Dear Biostars,
I have two populations, POP1 and POP2. Each with 5 samples. Each sample having a number of variants as given in column POP1 and POP2 in below table. I want to calculate p-value for each sample.
No. of Variants
No. of Samples POP1 POP2 P-value (chi-square)
1 181 143 ?
2 122 147 ?
3 148 118 ?
4 129 92 ?
5 137 101 ?
Please suggest some methods or R-packages. Thanks!
Thanks for answering Vijay, I will try it. May be you can explain as I am pretty confused with chi square test, as it requires expected value of the outcome, here in this case i have only observed values suppose for sample 1 if i want to compare variants in POP1 and POP2, how can I calculate p-value to find whether the differentiation is significant or not? Hope you can help me, Thanks!
You're welcome! first things first, let's discuss about the objective of this statistical test in your case. Let me know what is your "null" and "alternative" hypothesis i.e. what is that you want to prove/disprove through this test?
From this test, I want to prove that POP1 is having samples with more variants than POP2, As it seems in table but I want to get a p-value for each sample to be confident.

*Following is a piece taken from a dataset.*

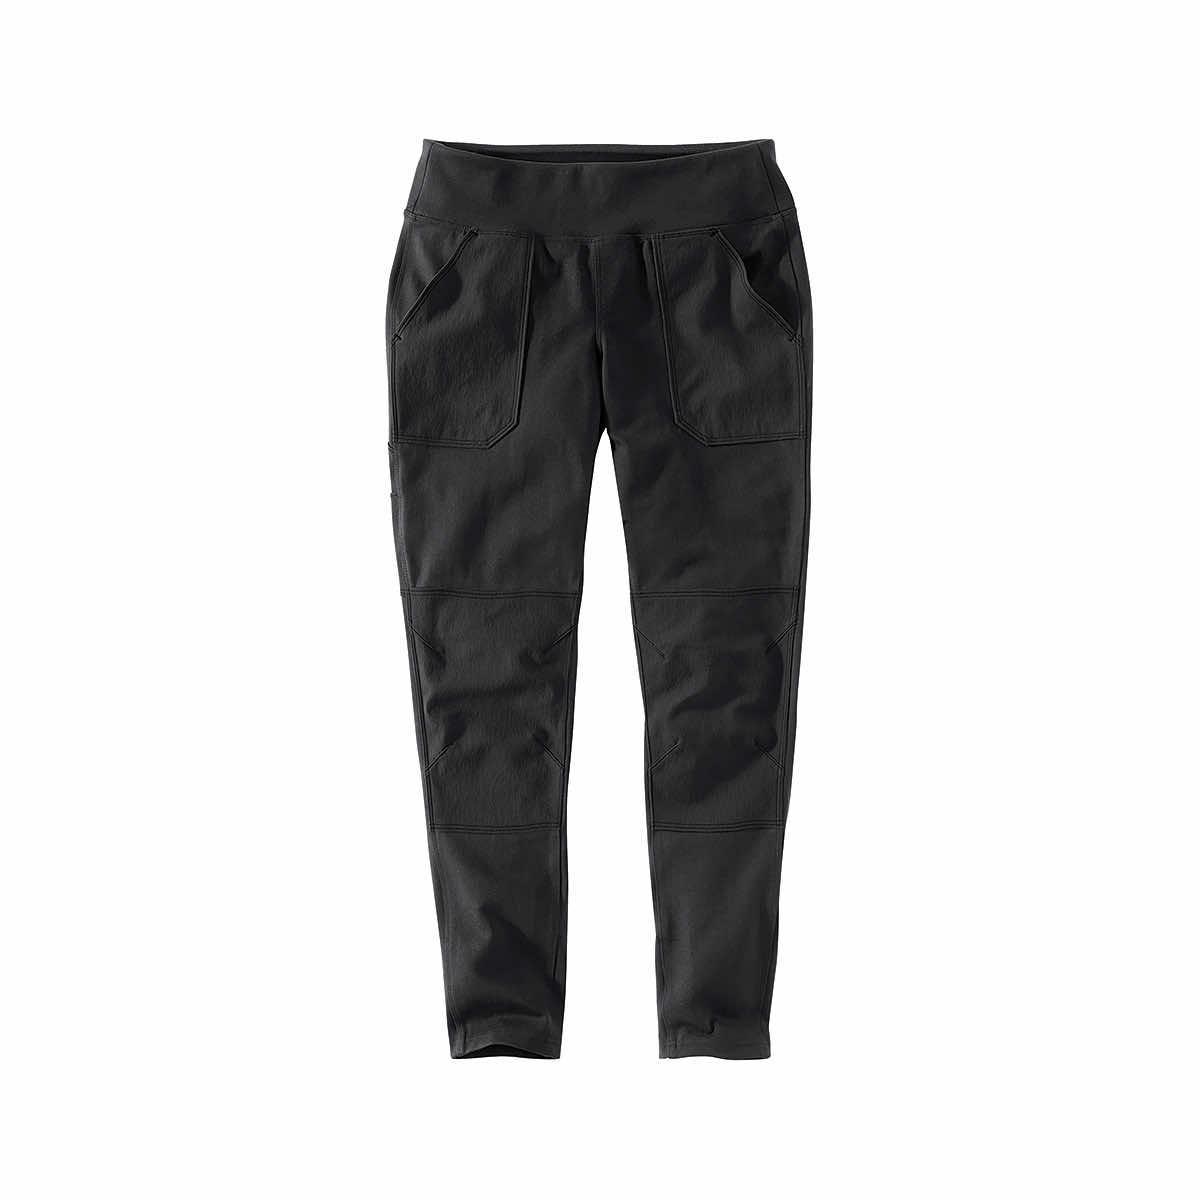 Carhartt leggings are built to be durable, comfortable, and ready

If it is understood correctly, you want to check whether a given sample (e.g. sample1) is different between POP1 & POP2 in terms of number of variants. By simply having one category, the p-value estimate has no meaning. How can you say whether 181 is different than 143. similarly 122 vs 147. Blindly using R code and getting p-value without understanding underlying statistics is dangerous.
What you need to have is minimum 2 nominal categories (e.g population type and variant count). In your case you have one (Population type).
Solution
## Lets say total positions: 1000
## Variants: 181 (POP1) & 143 (POP2)
## Non Variants: 1000-181 (POP1) & 1000-143(POP2)
So now you have 2 way contingency table (Population vs Variant type).
Fisher exact test or chi-sq will now work well.
Same has to be applied for each sample.
+1 for this. Precise answer! Can't agree more on that. IS IT VALID is more important than HOW IT IS DONE!!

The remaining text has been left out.